As Ida begins to spend less and less time with both her daughter and new husband, she delegates the responsibility of her daughter—whose custody she’d furiously fought for in her divorce—to Sir Claude; she even directly tells Maisie that “I’ve washed my hands of you” (Ch. 11). Ida’s deterioration as Maisie’s mother leaves her with no concrete maternal figure, as Maisie has a caring governess in addition to a stepmother. Maisie asks Sir Claude if she has brought him and Mrs. Beale together, as she’d brought Beale and Mrs. Beale together, and asks if the three of them can live together. This request shows the fluidity of who occupies the parental positions of Maisie. Rather than it being one couple (whether it be the Beales or Ida and Sir Claude), Maisie seems to want her parents to be those who are closest to her, both physically and emotionally. In the earlier chapters, Maisie shows loyalty to her father as she spent the first six months with him. After Miss Overmore is introduced when Maisie is sent to Ida’s, Maisie adopts her as the maternal figure in her life; Maisie is overjoyed when Miss Overmore abandons her post at Ida’s to move in with Maisie and her father. Not long after, when it’s revealed that Ida has remarried, Maisie becomes infatuated with (the photograph of) Sir Claude, and replaces him as her paternal figure when her custody returns to Ida.
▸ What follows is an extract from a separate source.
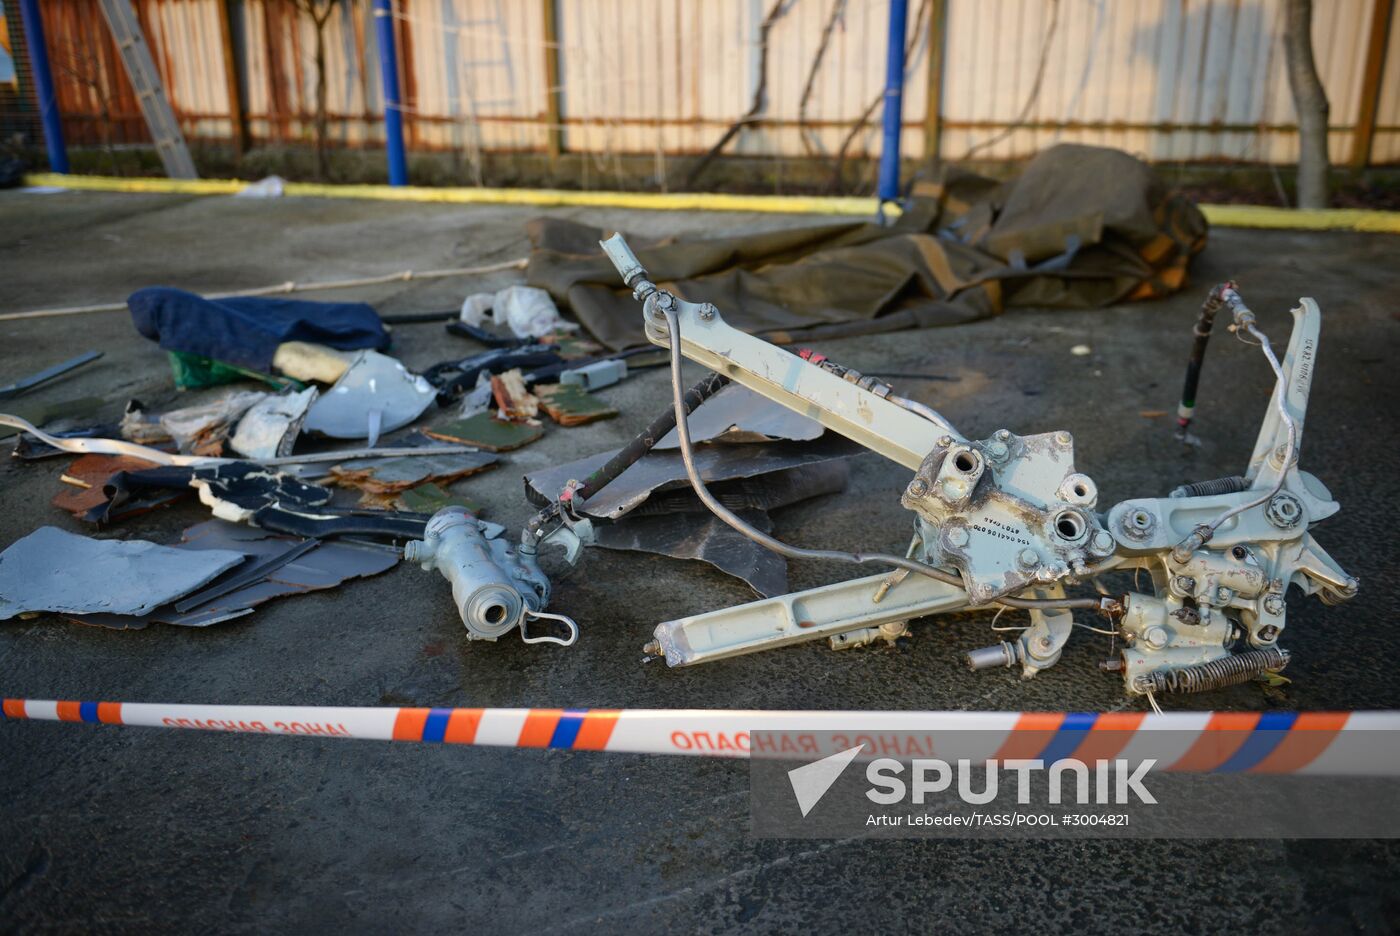 Search operation at Tu-154 crash site

Maisie’s choice of parents are a mix of proximity and loyalty. This is shown in Chapter 13, when Sir Claude brings Maisie to the Beale’s new house, and she remarks that if she is to return to them she must give him up, “as I gave up Mrs. Beale when I last went to mamma’s.” Though Maisie realizes she has multiple parents, she still processes the idea of mother and father as singular; she cannot consider Mrs. Beale if she is at her mother’s, and when she is at her father’s with Mrs. Beale she does not consider Ida to be her mother. James uses the multiple adults in Maisie’s life to establish confusion for her, as she must deliberate which one of the adults she wishes to be her true parents.